*The data*.
#####
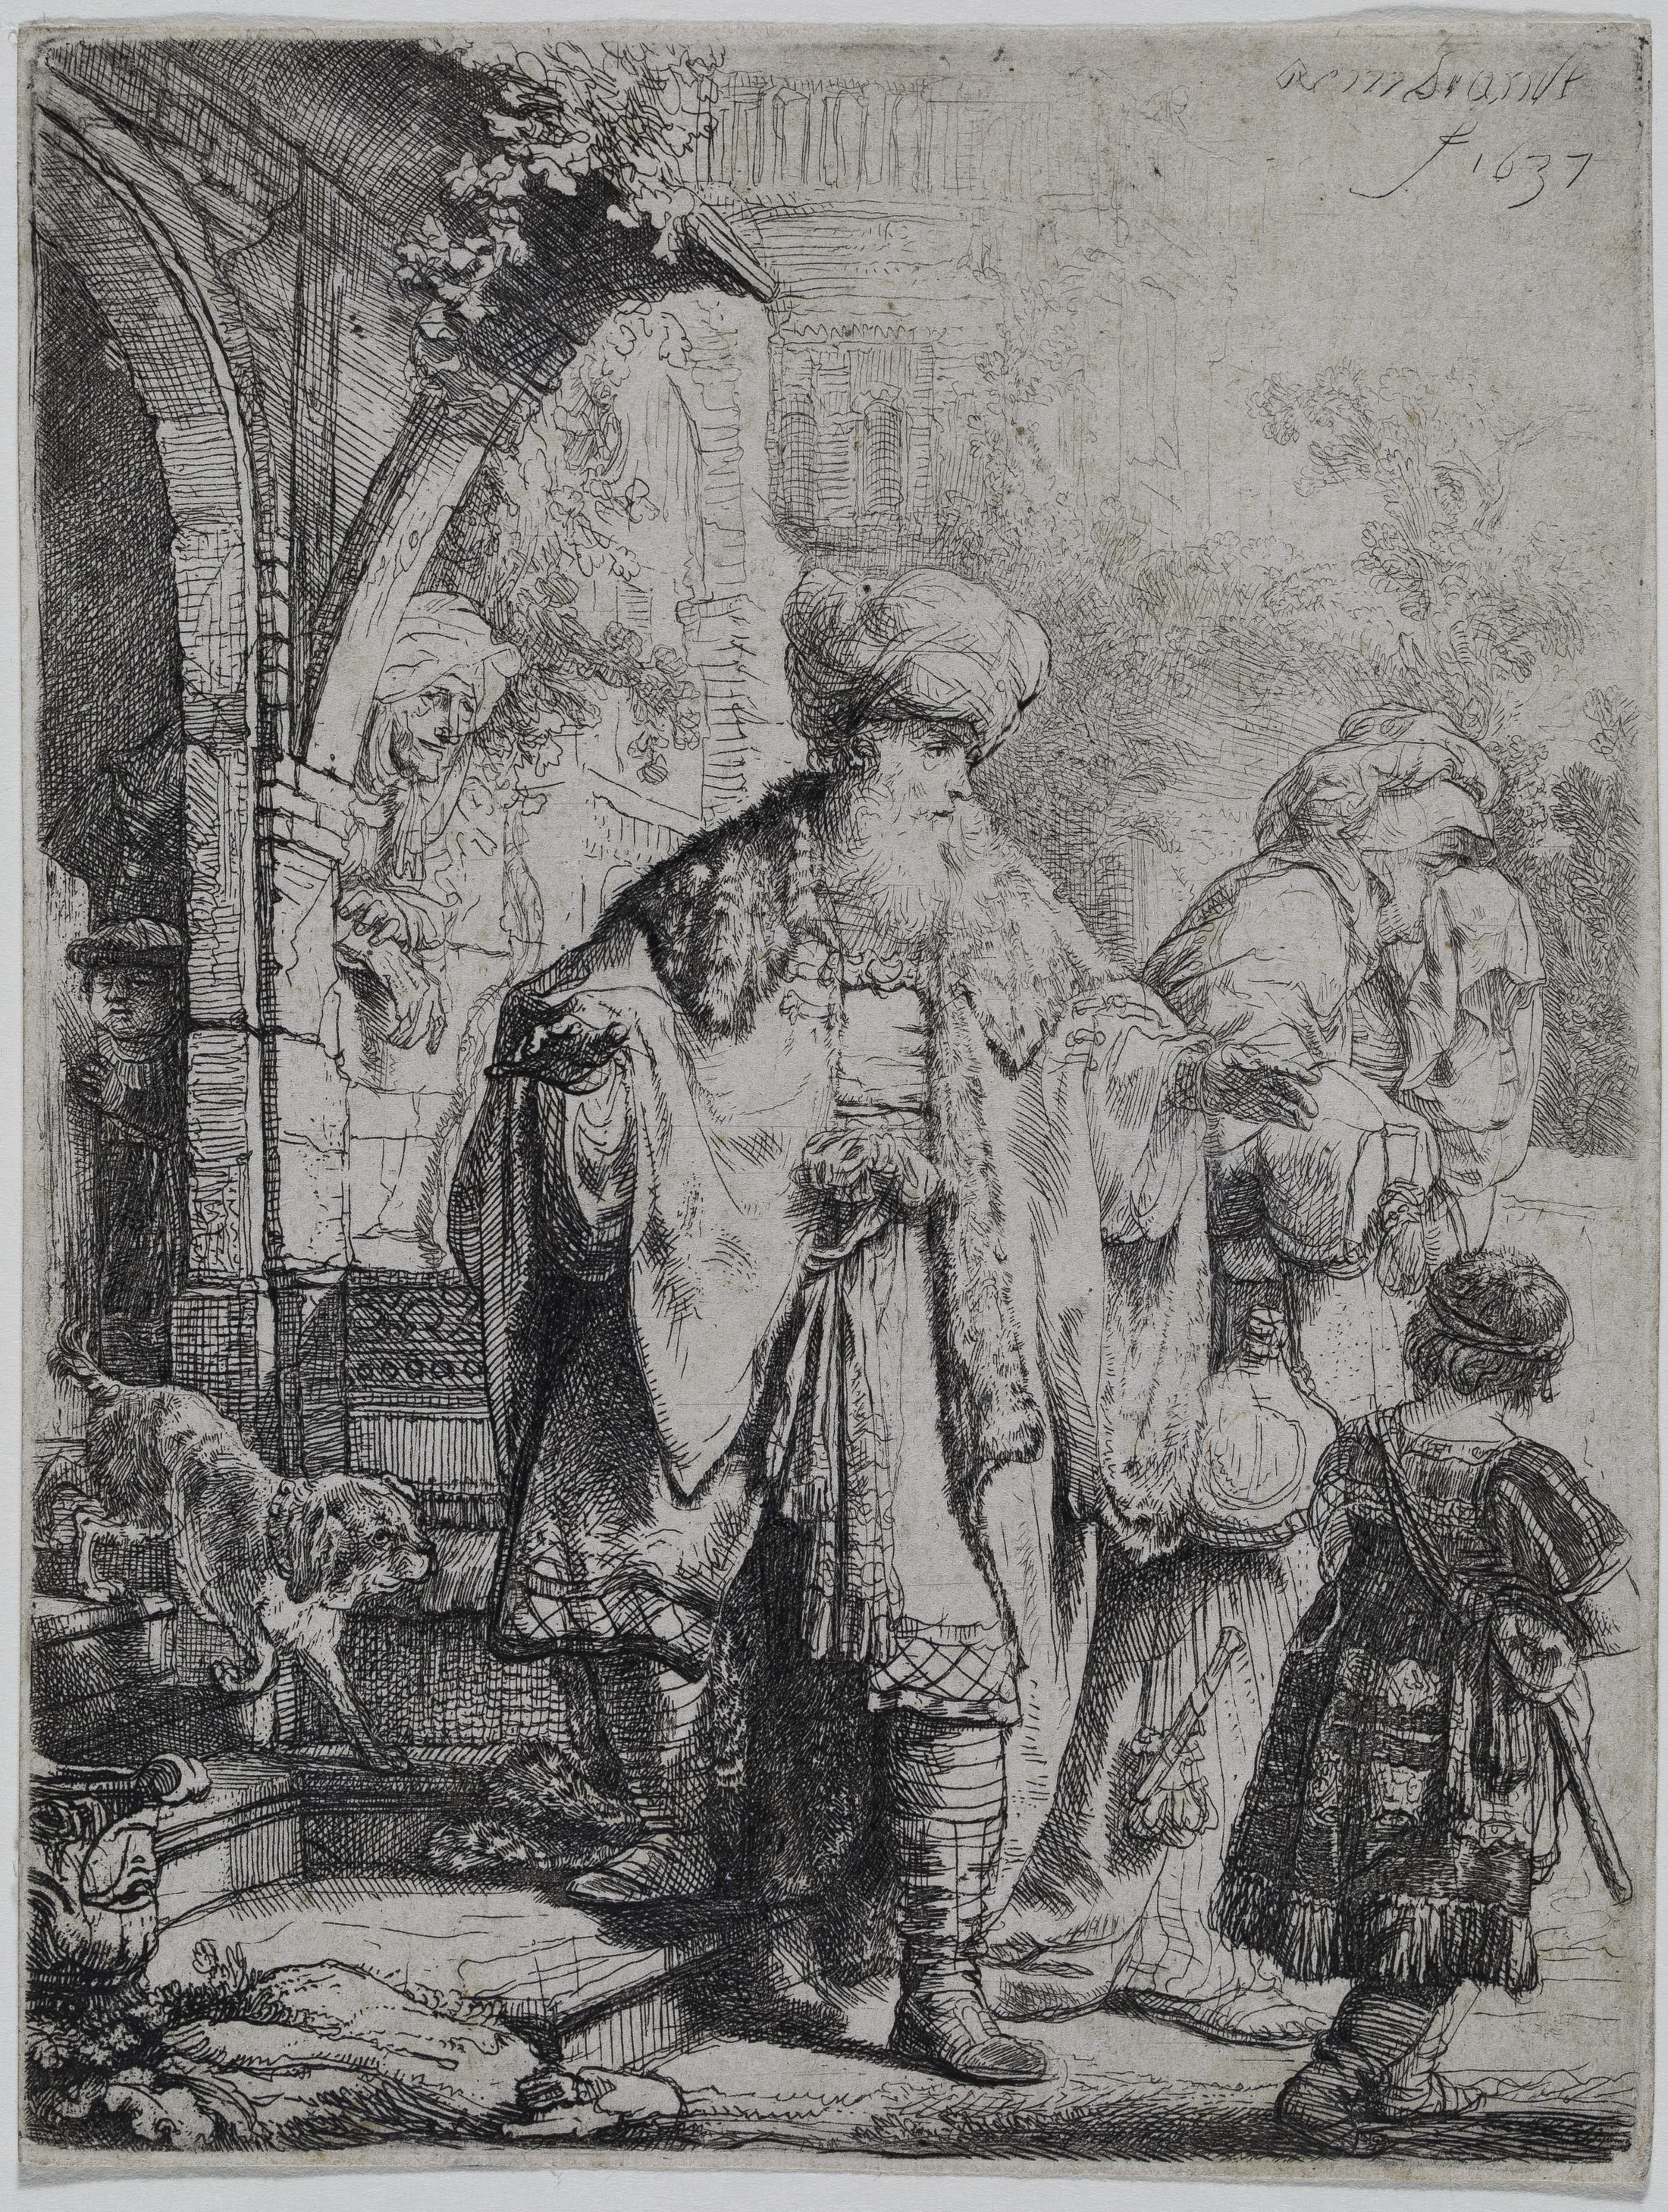 Zeichnung des Künstlers Rembrandt mit einem biblischen Gleichnis
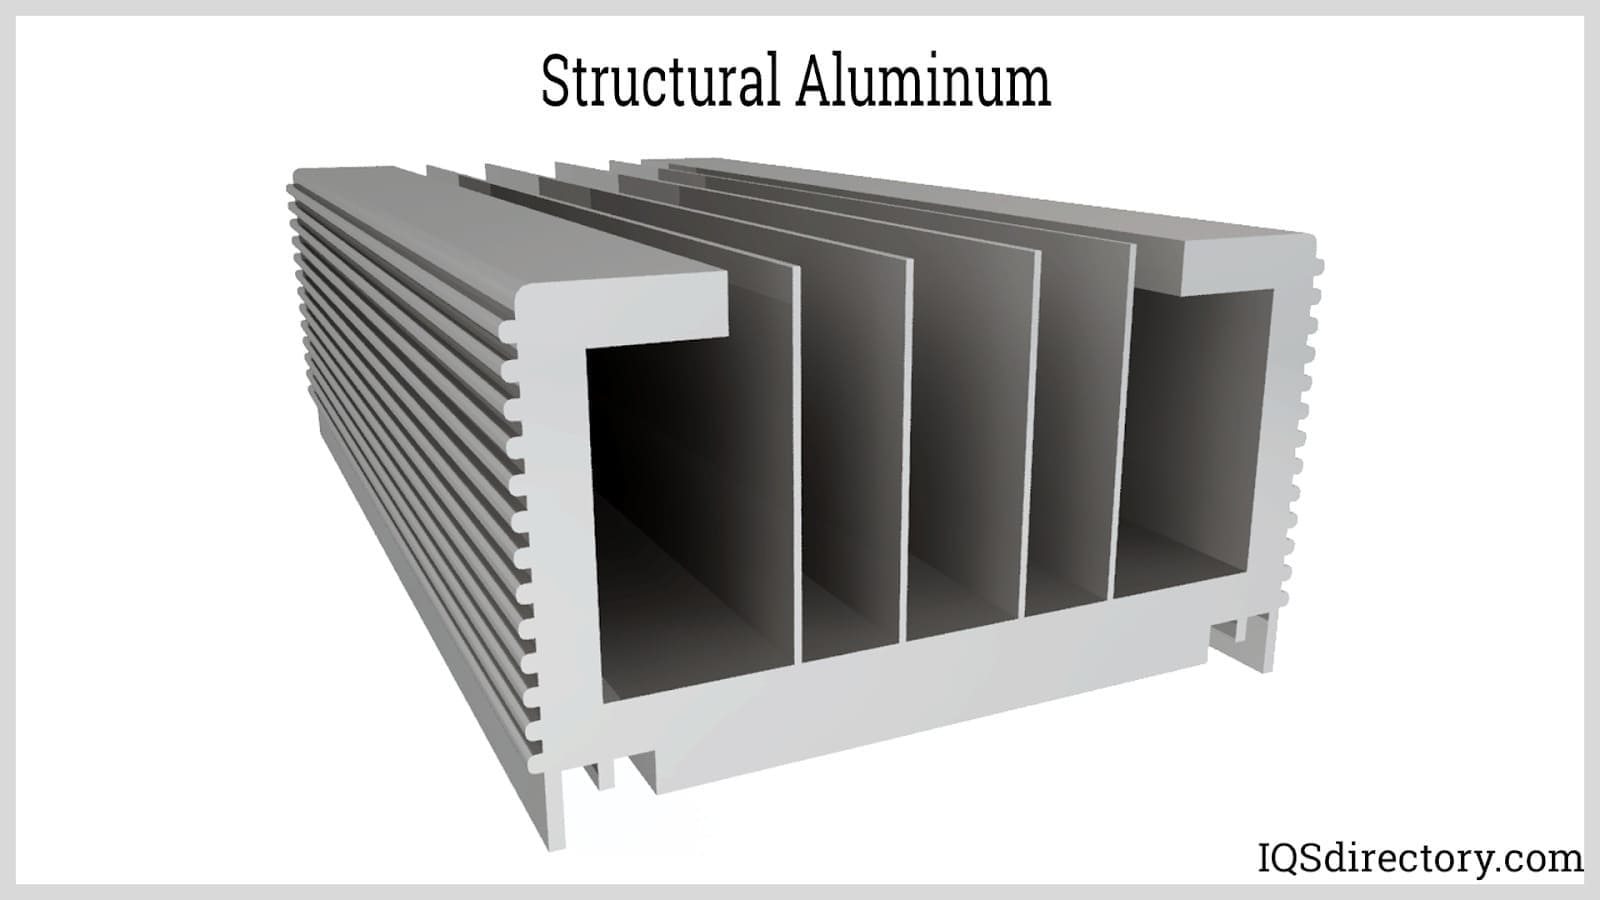 Structural Aluminum
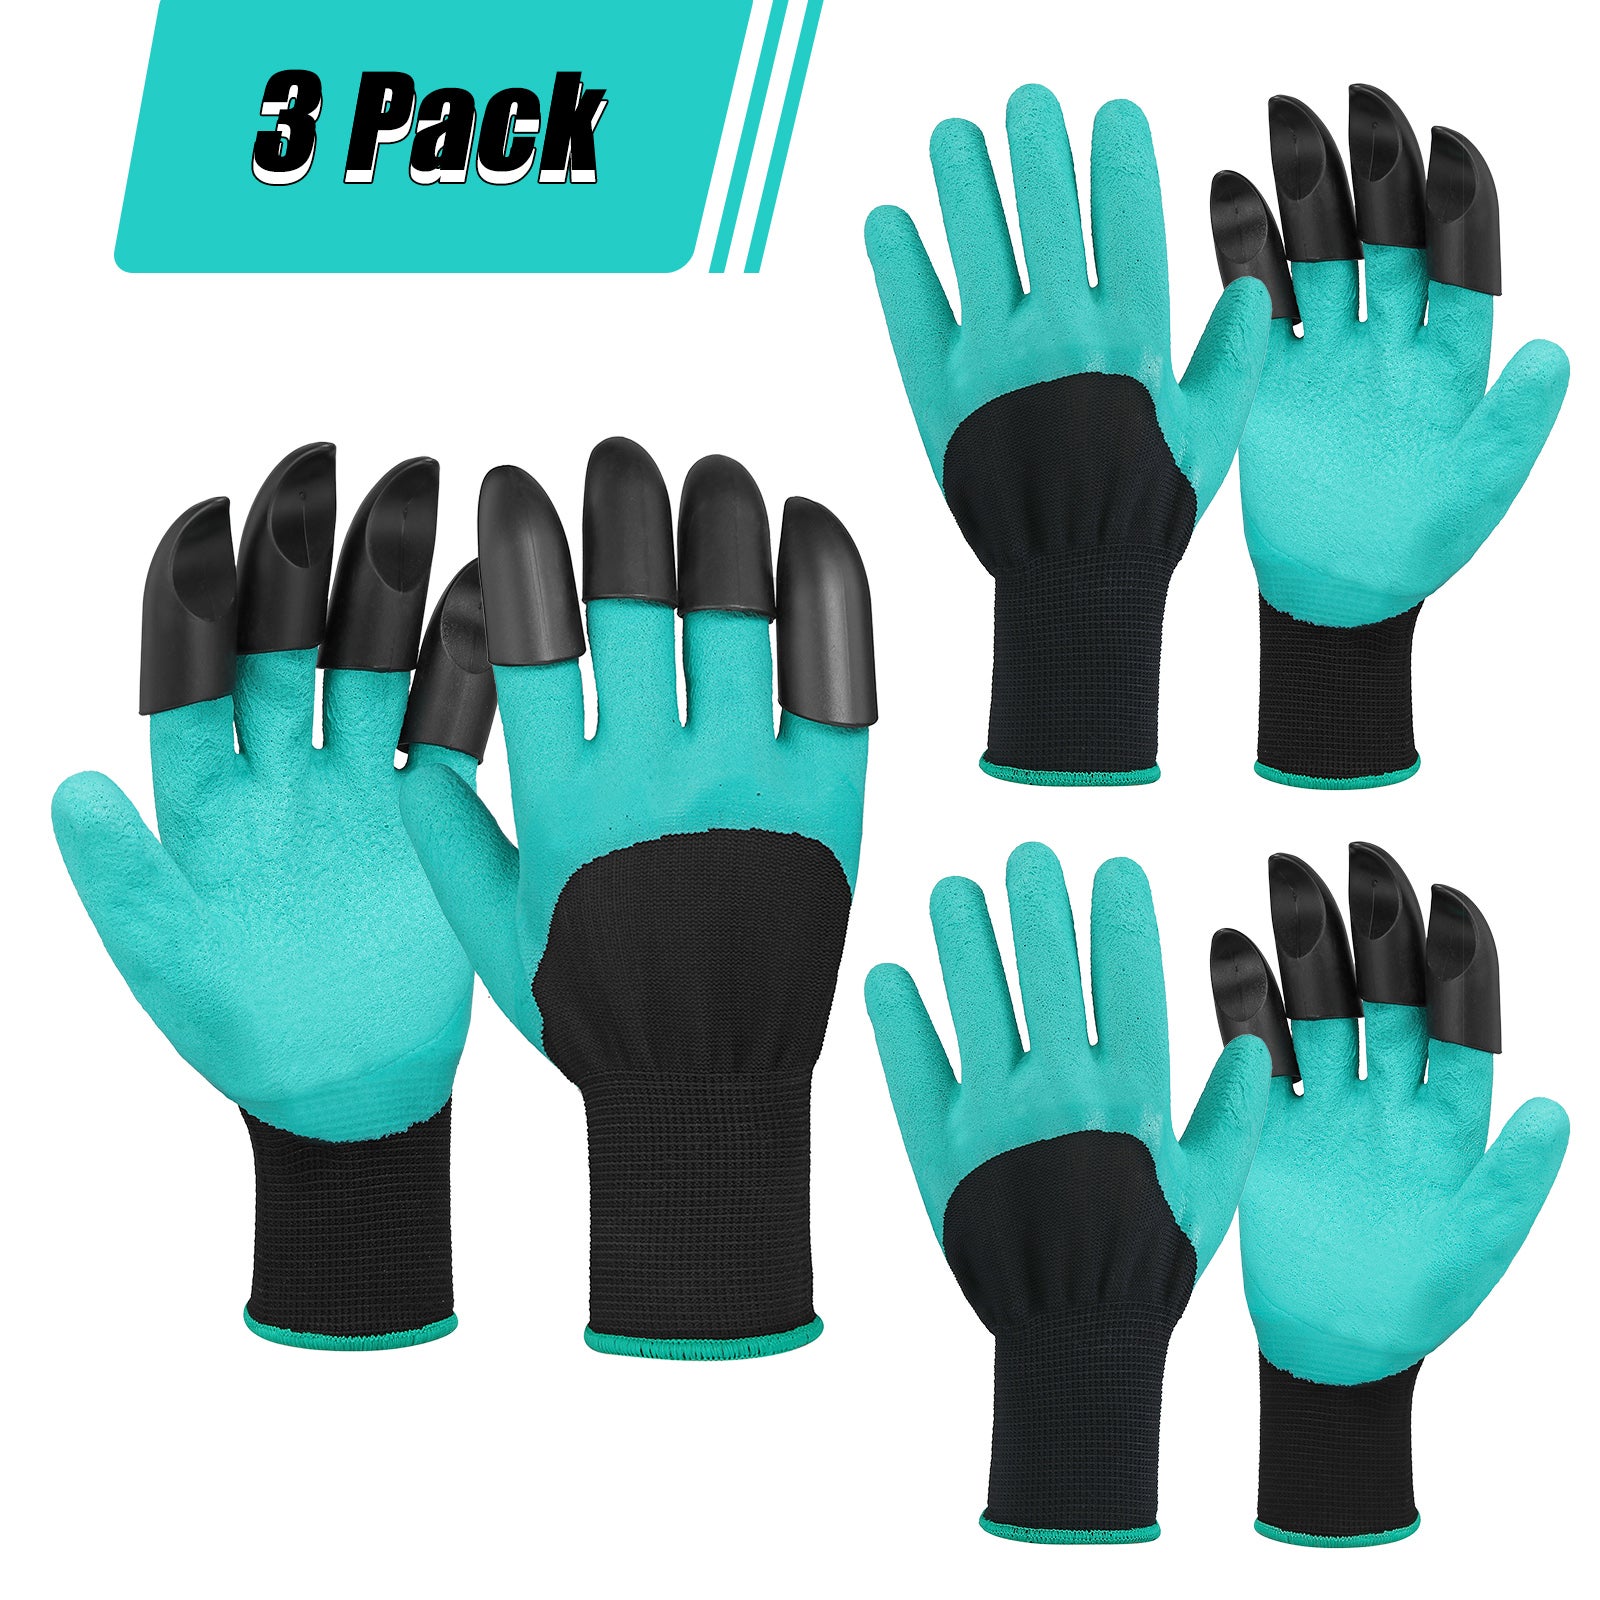 10x paires de gants de travail haut de gamme - Gants de jardin taille  unique 7-11
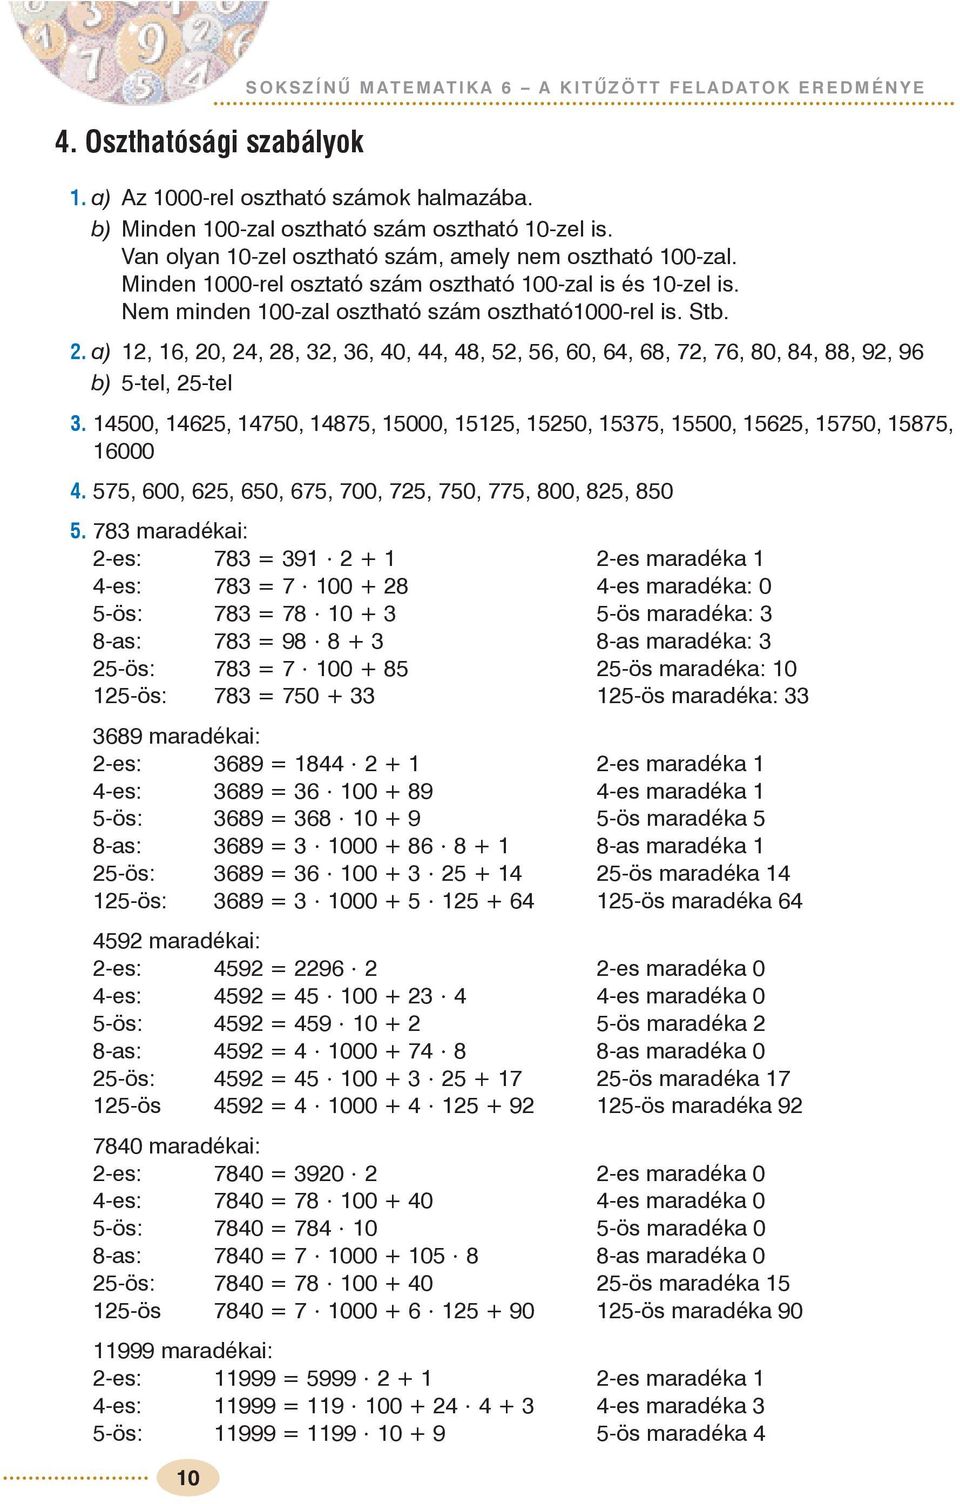 Sokszínû matematika 6. A KITÛZÖTT FELADATOK EREDMÉNYE - PDF Free Download
#####
Write out an exact reproduction of the lines from the line that holds "10x paires de" to the bottom of the listing above, both ends included. Exclude pictures.

 10x paires de gants de travail haut de gamme - Gants de jardin taille  unique 7-11
 Sokszínû matematika 6. A KITÛZÖTT FELADATOK EREDMÉNYE - PDF Free Download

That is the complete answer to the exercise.